Musculoskeletal symptoms are also common:

• 66% of patients develop symptoms (Tarabishy 2010).
• Arthralgias
• Fever
• Malaise
• Weight loss

Ophthalmic symptoms:

• In a Vancouver series of 13 patients with orbital GPA, the main ocular symptoms were decreased vision and pain that localized to the face and eye (Perry 1997).
• Ocular irritation and eyelid inflammation
• Proptosis is related to the presence of inflammatory mass.
• Diplopia

Renal symptoms are not common early:

• 80% of patients with systemic GPA develop renal disease (Tarabishy 2010).
• Often patients have no renal symptoms at diagnosis.
• Renal symptoms occur later in course of disease and can signal renal failure.
• Hematuria is usually microscopic (glomerulonephritis).

Skin:

• 50% of patients develop some kind of skin finding (Carlson 2006).
• Purpura
• Ulcerations
• Nail bed and digital infarctions

Neurologic:

• 20% of patients develop symptoms (Tarabishy 2010).
• Cranial nerve abnormalities
• CNS mass lesion affects
• Mononeuritis multiplex
• Pachymeningitis

Hematologic:

• Hypercoagable state
• Increased risk of deep vein thrombosis and pulmonary embolism (Merkel 2005)

Clinical features

Nonophthalmic:

• Chronic sinusitis
• Mucosal ulcerations of nasopharynx
• Saddle nose deformity and fistula formation
• Lower respiratory cough and hemoptysis
• Glomerulonephritis:
• If left untreated, accounts for high percentage of mortality
• 80% of patients with systemic GPA have renal involvement.
• 20% have active glomerulonephritis (Tarabishy 2010).
• asymptomatic until renal failure develops
• Arthralgia
• Rash
• Less common organ system manifestations include:
• Gastrointestinal
• Cardiac
• Nervous

Limited form — upper and lower respiratory tract, no kidney involvement

Ophthalmic:

• Occurs in 50% of patients (Tarabishy 2010)
• 8% develop visual loss.
• Scleritis is most common; seen in 10% of patients.
• Marginal ulcerative keratitis
• Retinal vasculitis
• Orbital disease:
• Occurs later in disease course.
• More advanced cases can present with:
• Proptosis (15–20% of patients) (Tan 2014)
• Inflammation
• Chemosis
• Limitation of motility
• Orbital congestion
• Visual loss
• Dacryoadenitis, nasolacrimal obstruction, nasocutaneous fistula formation
• Eyelid — periorbital edema, ptosis, lid retraction, or lid nodules

Testing

Antineutrophil cytoplasmic antibodies (c-ANCA) can be negative at first, but should be serially followed as it will often become positive (Perry 1997):

• Although both c-ANCA and anti-proteinase 3 (PR3) are positive in 80–90% of cases with systemic disease, with a high sensitivity and specificity, both c-ANCA and anti PR3 antibodies are often negative on presentation with orbital disease (Tan 2014).
• 20% target (MPO)
• In less severe cases, 65% positive
• Can be undetectable

Perinuclear ANCA (p-ANCA) is less sensitive.

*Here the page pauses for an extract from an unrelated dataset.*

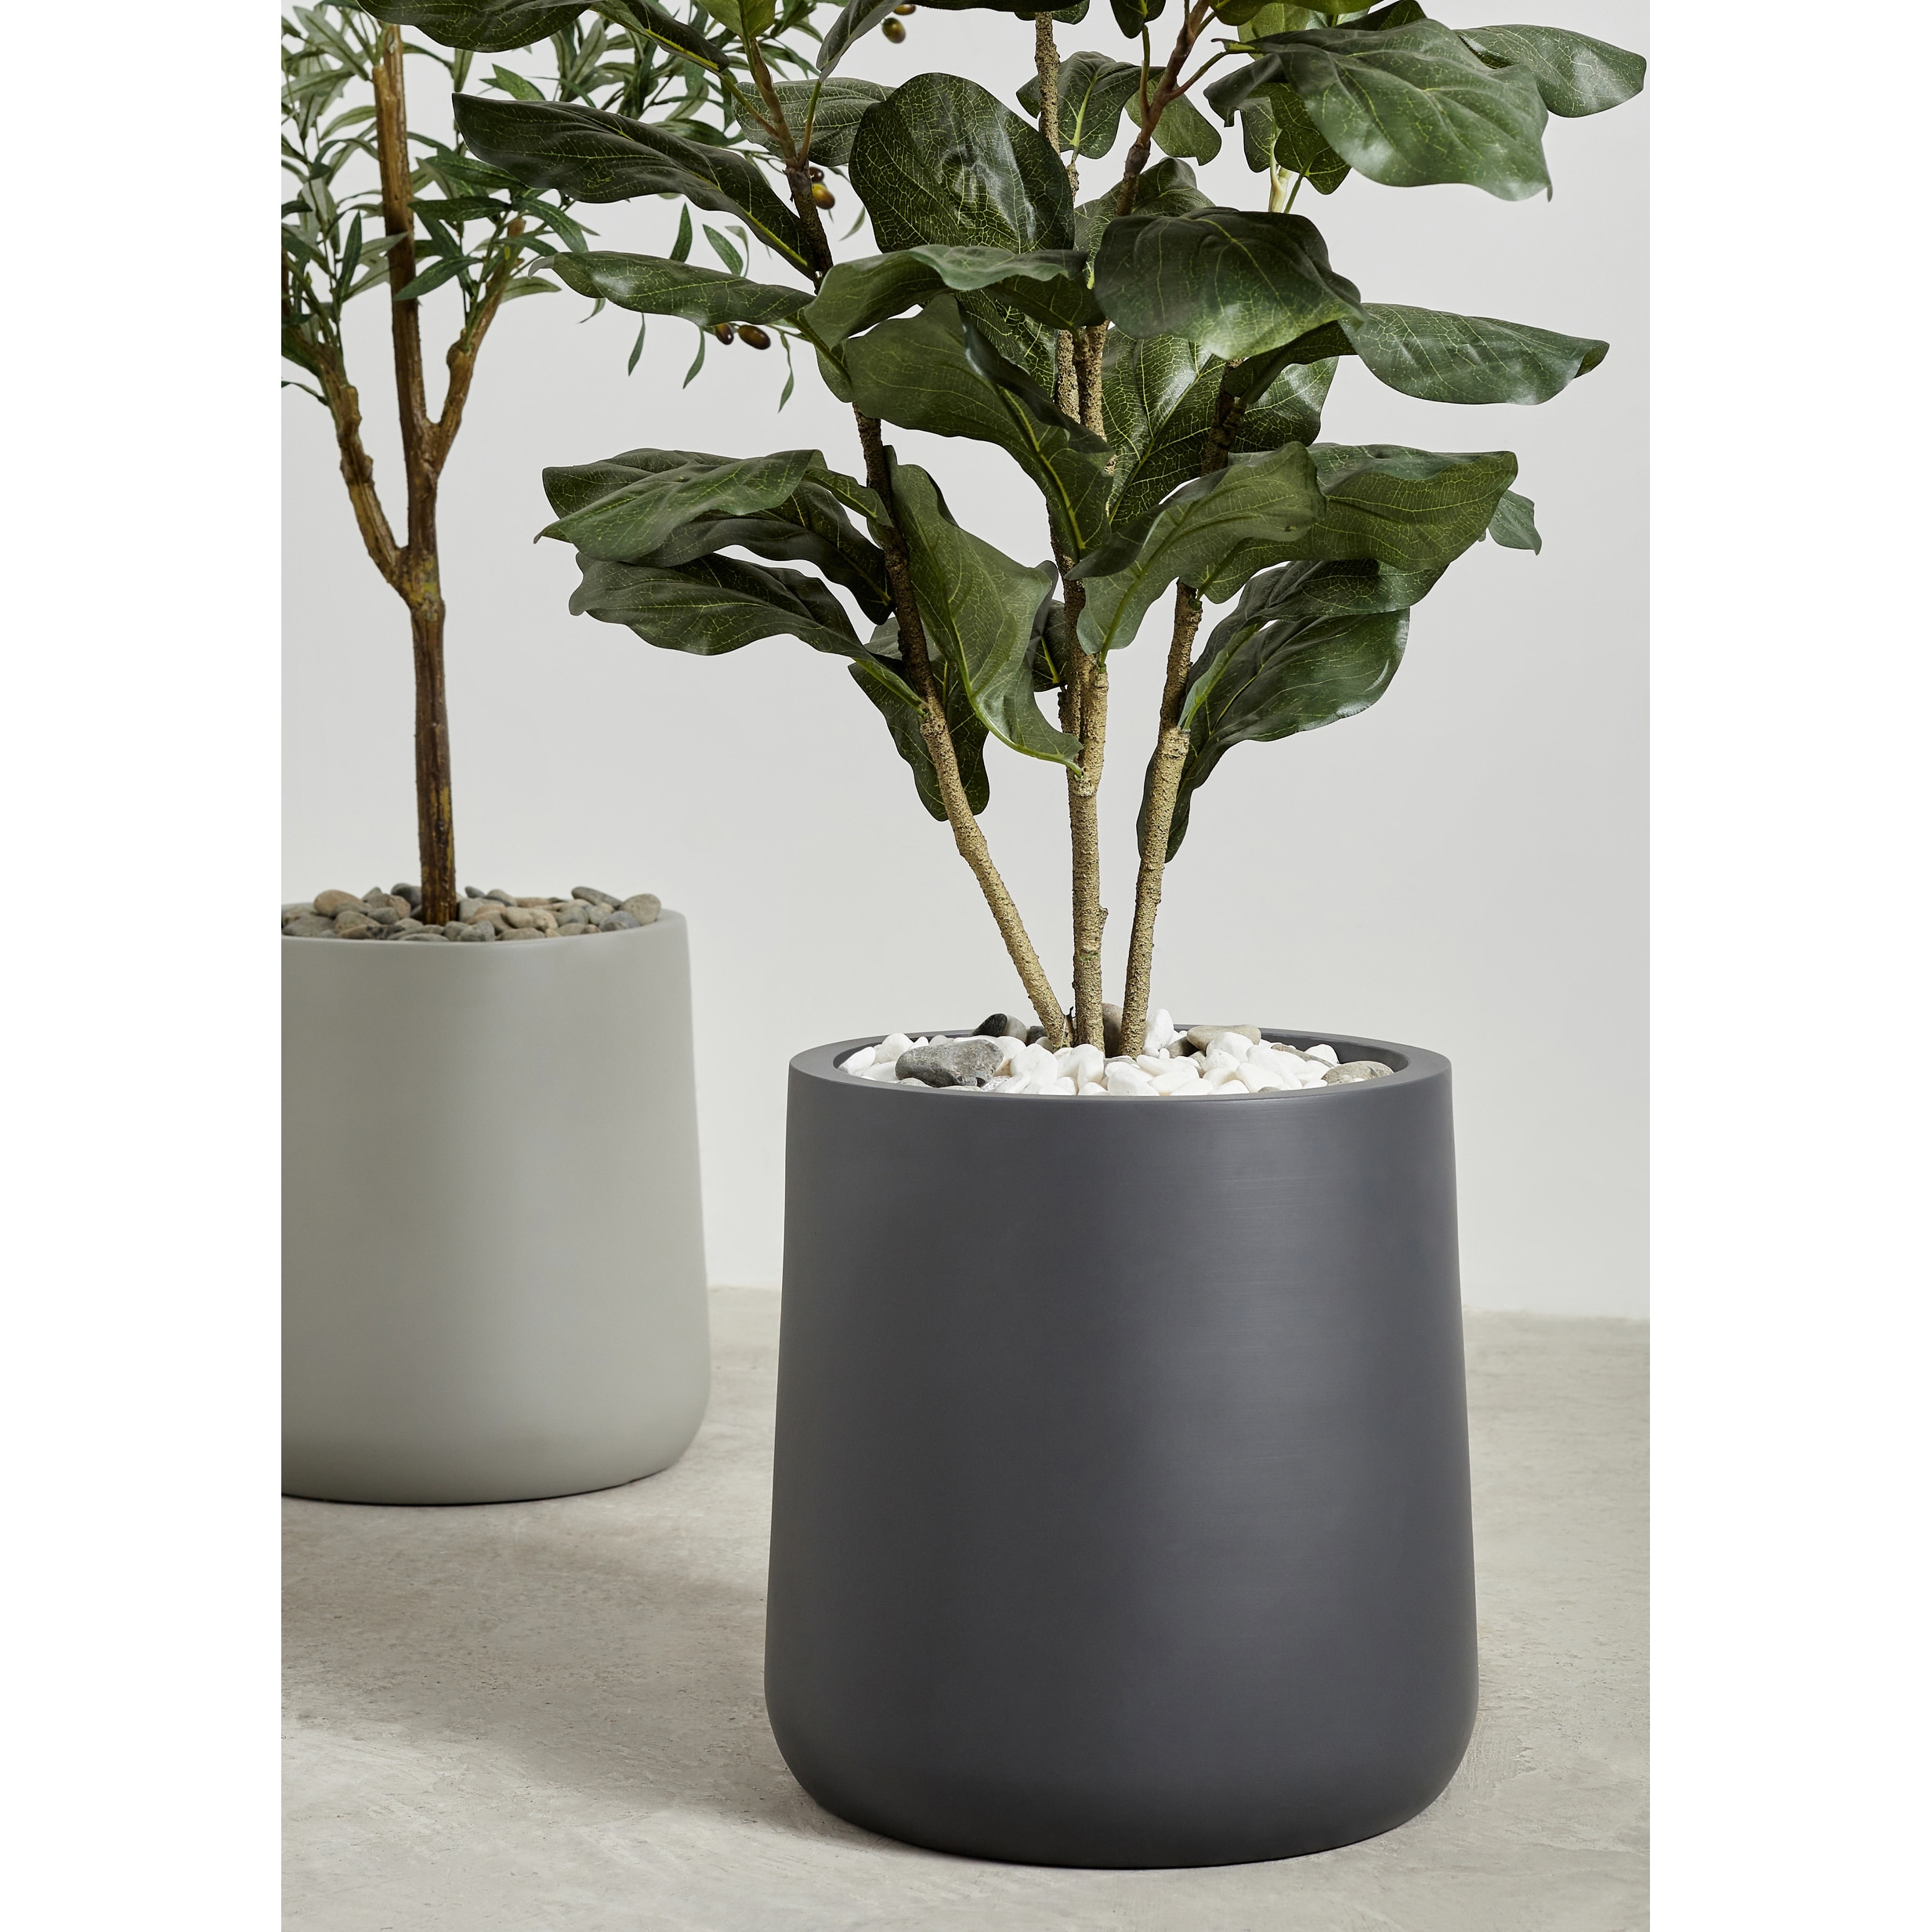 https://ak1.ostkcdn.com/images/products/is/images/direct/74b6479539c400e0401f0770057024d89b83a3b9/Indoor-Outdoor-Large-Nordic-Minimalist-Fiberstone-Lightweight-Round-Planter-Pot---14%2C-11-inch-Matte-Finish.jpg

Order a complete blood count: anemia, thrombocytosis, leukocytosis.

The erythrocyte sedimentation rate is elevated.

Blood urea nitrogen (BUN) and creatinine are elevated with hematuria and proteinuria.

Rheumatoid factor can be abnormal.

Serum globulins can be elevated.

Human Lysosomal membrane associated protein 2 (hLAMP2) is present in:

• 100% of active renal disease
• 93% GPA, MPA, or renal limited vasculitides

Chest x-ray can reveal infiltrates or cavitary lesions.

Imaging:

• CT: Improved sinus characterization, bony infiltration
• MRI:
• Improved lesion characterization
• GPA lesions are hypo-intense compared with fat on both T1 and T2.
• Enhance with gadolinium.
• Baseline imaging is important to monitor subsequent recurrence of disease.

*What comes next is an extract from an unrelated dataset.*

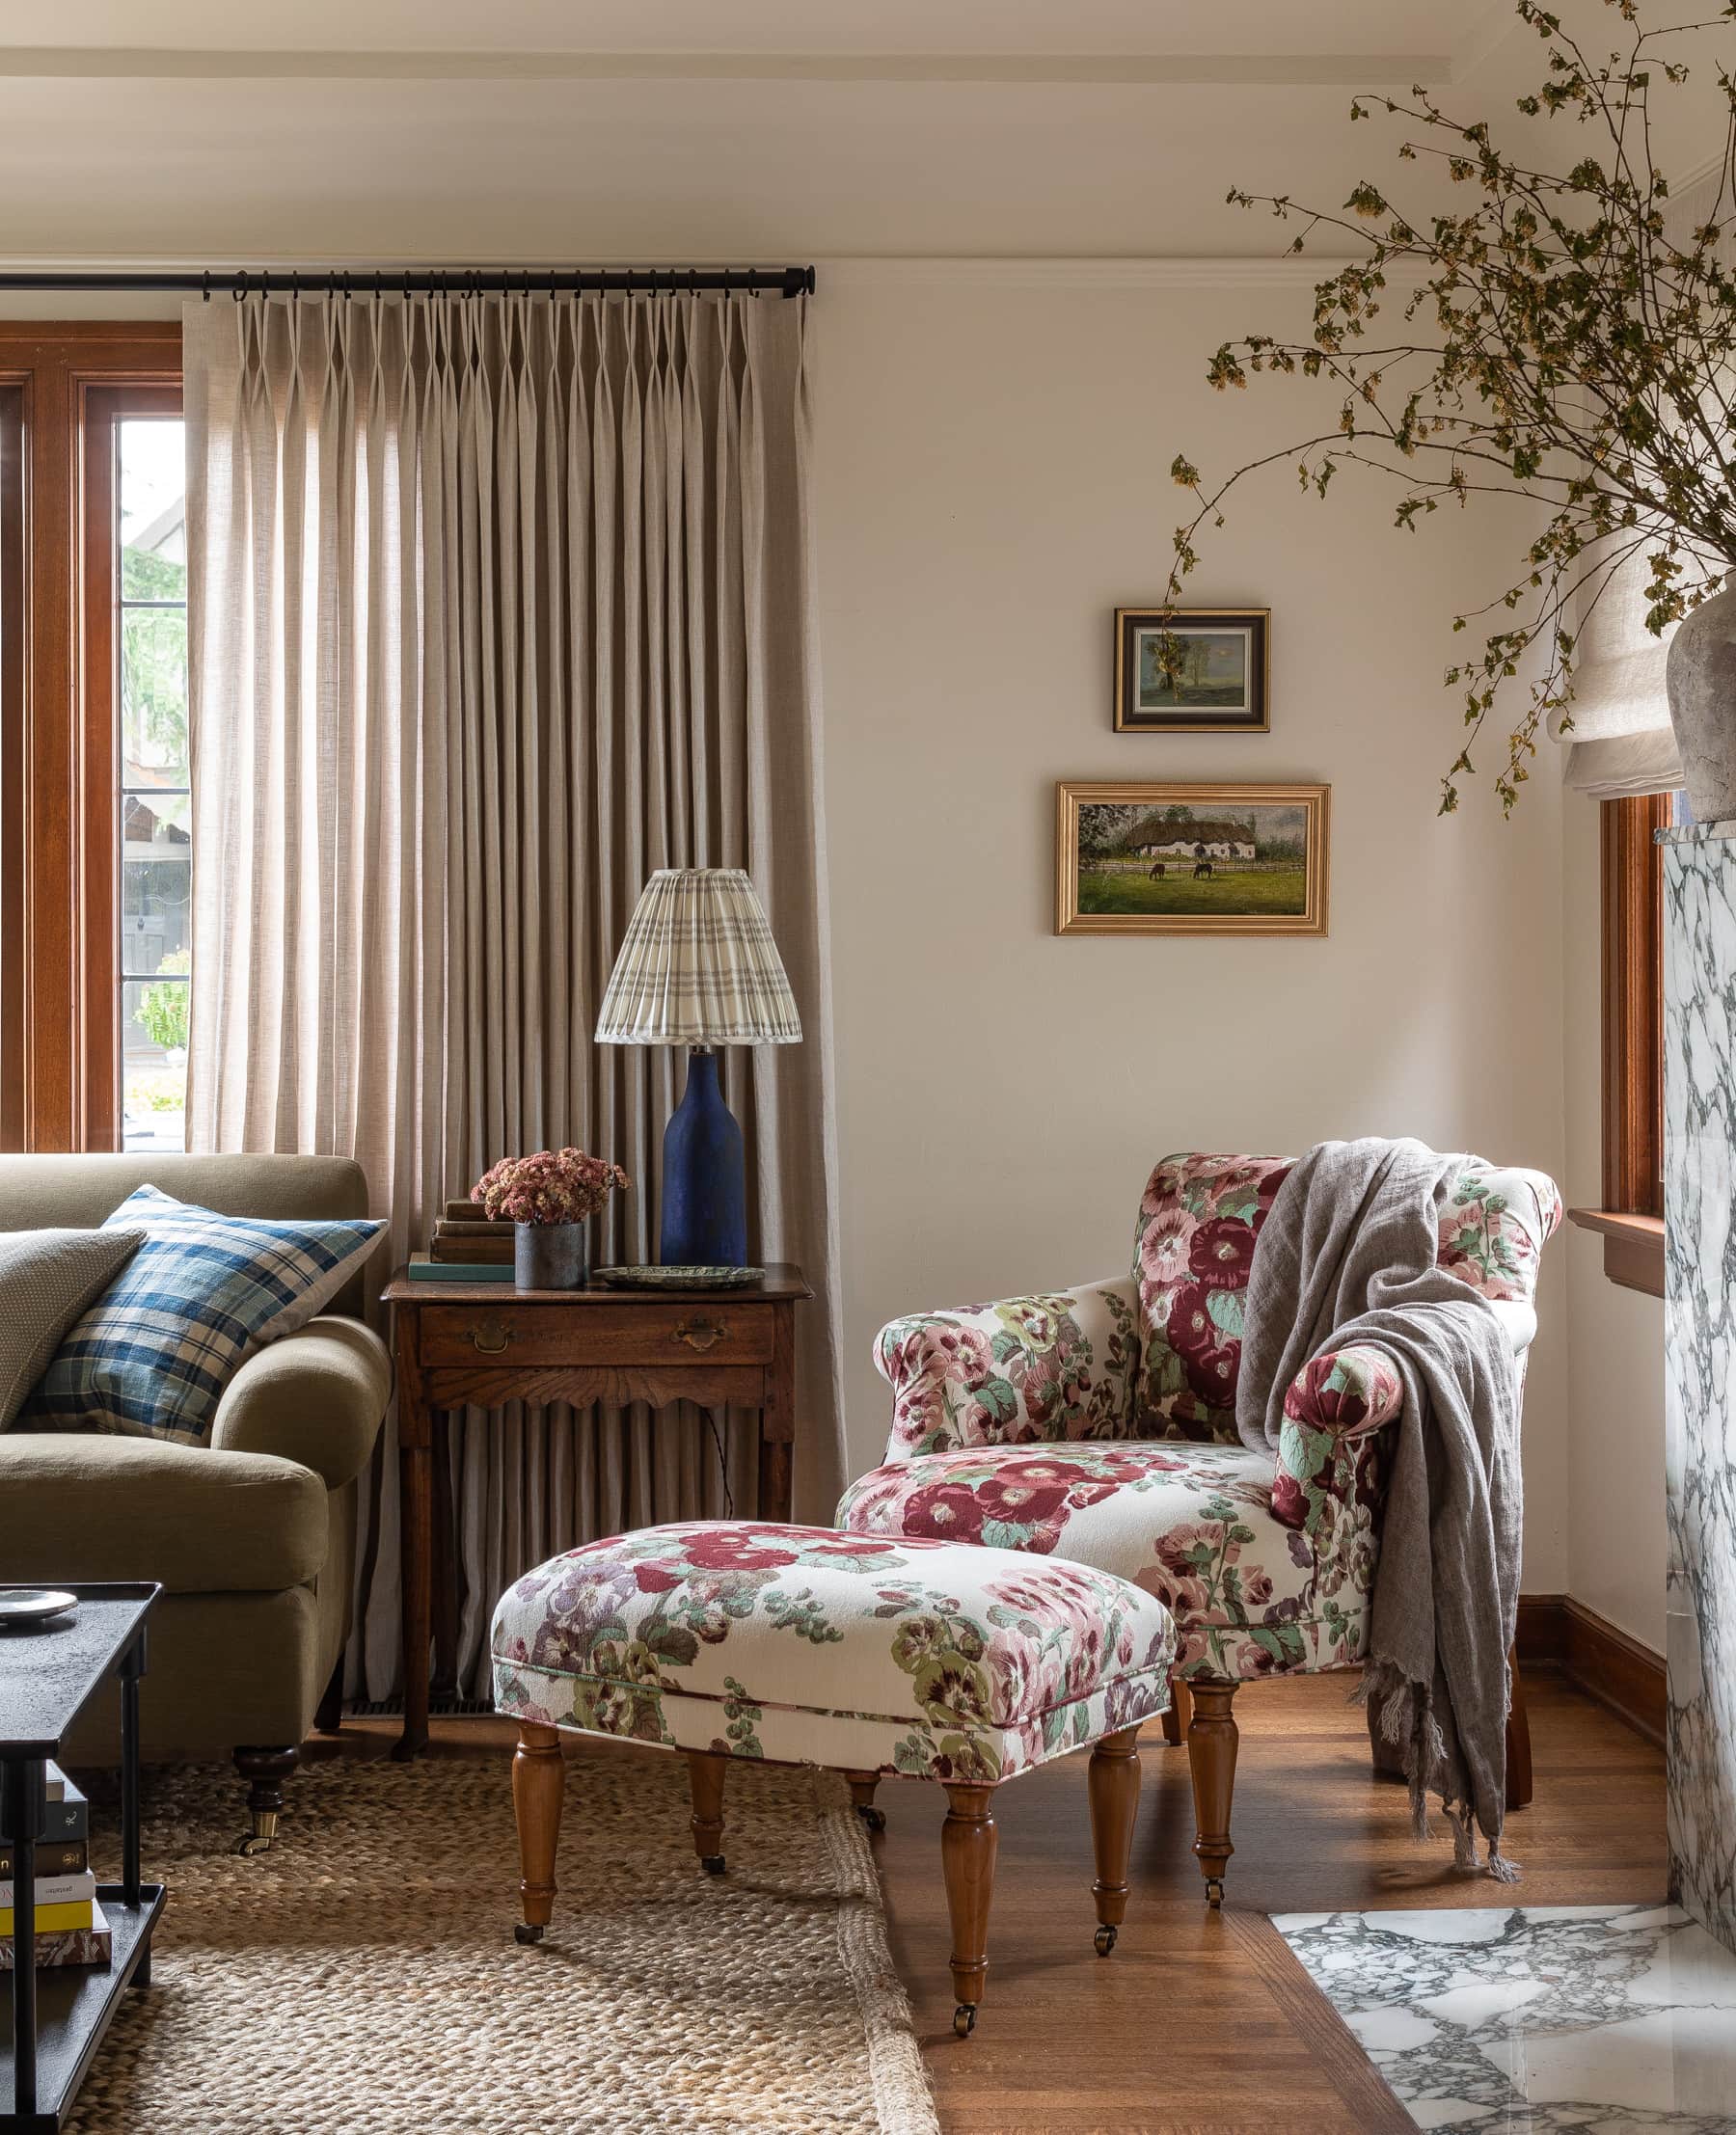 home tour featuring a dining room with showcasing a floral patterned armchair in a vintage cottage decor

The gold standard remains biopsy of the involved tissue.

Testing for staging, fundamental impairment

Biopsy of orbital inflammatory tissue can show dense fibrosis, but scant lymphocytic infiltration, perhaps with eosinophilic infiltration, without granulomatosis or vasculitis (Knoch 2003).

Multiple biopsies are often needed until the pathognomonic findings are discovered. Necrosis is an important indication of possible GPA, when other classic findings are not evident (Perry 1997).

In a Mayo Clinic series of 13 orbital biopsies from patients with well-documented GPA, only 7 showed the classic triad of vasculitis, necrosis, and granuloma (Kalina 1992).

There is an eosinophilic variant of GPA that can be observed in the orbit, with systemic and tissue eosinophilia, in the absence of asthma or atopy (Chan 2011).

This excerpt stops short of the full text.